# What size bar fridge



## doctr-dan (11/5/15)

I'm thinking of building a kegerator with a 2 tap tower on top.
A mate of mine has a old bar fridge and he manages to just fit in 2 kegs in it.
But he isn't sure of what size it is.
Anyone have any idea what size in litres I would need?


----------



## Yob (11/5/15)

Bigger.. 2 kegs is not enough.. 

My fridge fits 4 with 3 taps and is... Adequate... Just.


----------



## angus_grant (11/5/15)

I've got a Chinese knock-off kegerator with rounded door which fits 2 * 19L kegs and 1 * 12L mini-keg. Just.......

I am planning on upgrading to a 320L keezer to fit 6 kegs on the floor and the hump for bottle storage.

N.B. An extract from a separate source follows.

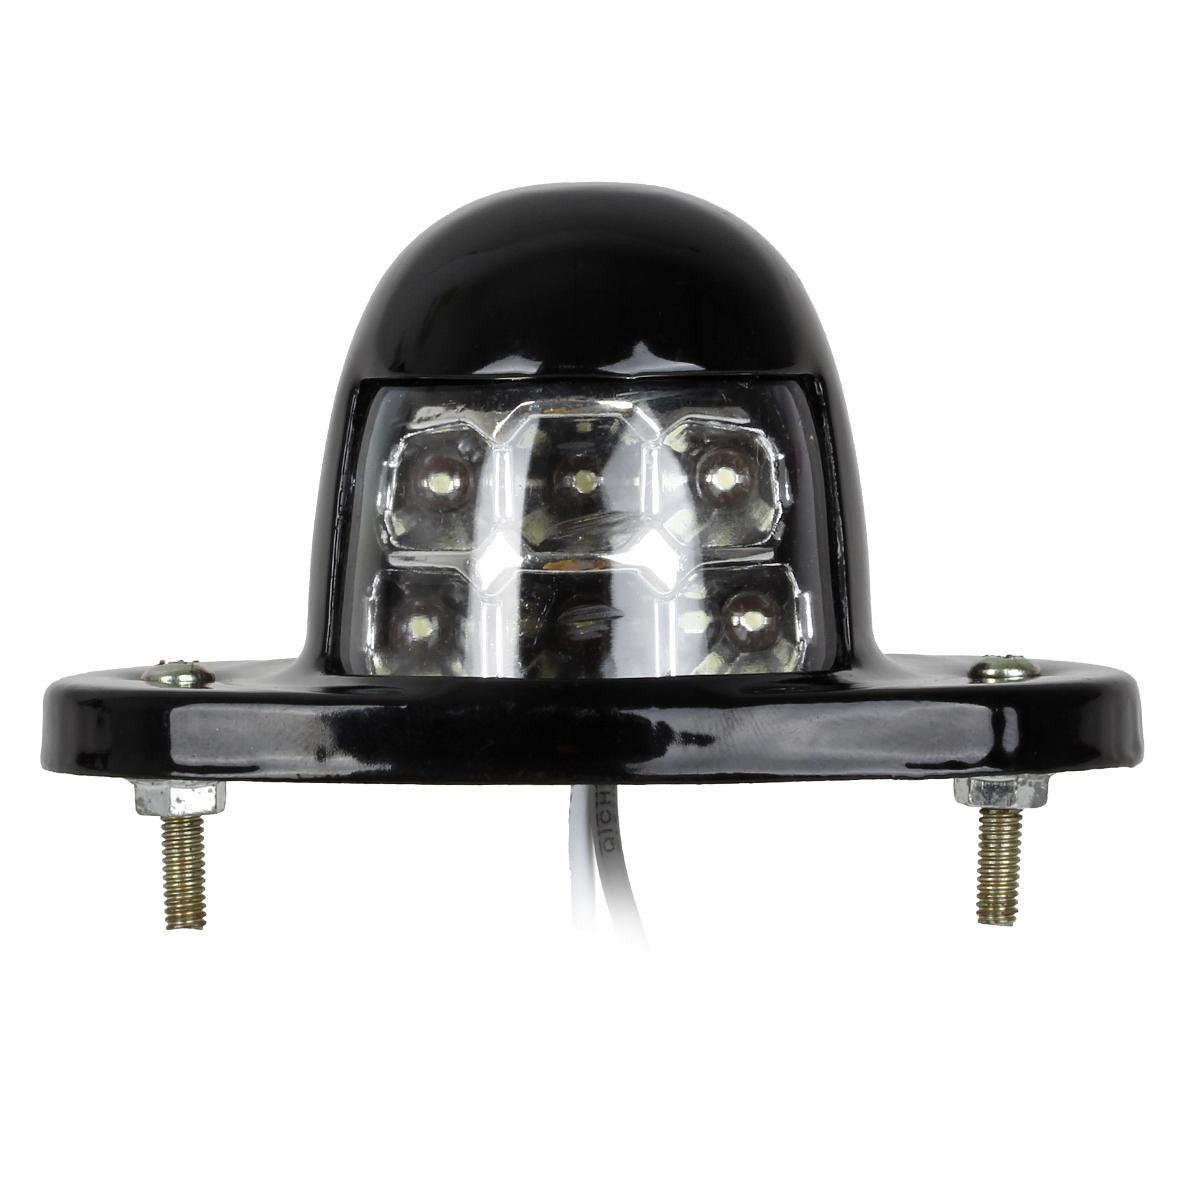 2pcs Universal LED License Plate Light Wiring Lamp For Car

If you are space-constrained to a bar fridge, fair enough. If because of finances, save longer. Seriously!!


----------



## doctr-dan (11/5/15)

It's more a space thing, I thought those kegerators didn't get cold enough?


----------



## angus_grant (11/5/15)

Mine is probably terribly inefficient. There's not even a brand name on it. But it gets cold enough. I run the fridge at full-tilt but use an STC-1000 to actually control temps. 
I've got a bar-fridge that I ferment in and it doesn't even fit 1 keg in.


----------



## Tahoose (11/5/15)

Consider building a keezer, not all that hard and you won't regret it..


----------



## Grott (12/5/15)

> 1 * 12L mini-keg.


Sorry bit off topic, but what do think of the 12 litre keg and if happy, where did you get it.
Cheers


----------



## MastersBrewery (12/5/15)

I was going to throw together a cheap setup for my Niece(brew assistant) and was thinking down the lines of a bar fridge. I too am unsure whether the standard 120L jobies would be big enough for two kegs.


----------



## djgilmore (12/5/15)

Due to space reasons I have a 140L Westinghouse bar fridge with a 2 tap Font. I folded the freezer portion down towards the back of the fridge and also had to remove some of the material from the shelf guides in order to fit 2 kegs in.

With these mods i have used it for the last 4 years with no problems (also use the same type of fridge for fermenting).

From memory some of the 120L fridges would have worked also but were a little tighter on height, The freezer structure on these has a big impact on the usable space in the fridge.


----------



## angus_grant (12/5/15)

grott said:


> Sorry bit off topic, but what do think of the 12 litre keg and if happy, where did you get it.
> Cheers


The 12L I have is a good little size to just fit in my kegerator and is a great size for mobile setups. I've got a cooler that just fits the keg in with some ice around it and a CO2 charger.

I grabbed 2 off some guy in Brisbane who was dumping a heap of brew gear for cheap.


----------



## Rambo (12/5/15)

I have one of these 
https://www.westinghouse.com.au/fridges/wrm1300wc/

Fits two 19l kegs + one 9 litre keg easily, and will fit an extra 9 litre keg with a bit of modification to the door.

I just have my taps coming out the front.


----------



## MAX POWER (13/5/15)

Rambo said:


> I have one of these
> https://www.westinghouse.com.au/fridges/wrm1300wc/
> 
> Fits two 19l kegs + one 9 litre keg easily, and will fit an extra 9 litre keg with a bit of modification to the door.
> ...


I have the same. I was using two 19l kegs with picnic taps, with the co2 on the hump. Nice and neat and didn't require any mods. Once you're ready to upgrade you can put the shelves back in and she's good as new.


----------



## db73 (30/6/15)

MAX POWER said:


> I have the same. I was using two 19l kegs with picnic taps, with the co2 on the hump. Nice and neat and didn't require any mods. Once you're ready to upgrade you can put the shelves back in and she's good as new.


Thanks to this topic just got myself one of these fridges. $100 and new new condition. There were two of them on gumtree near me.


----------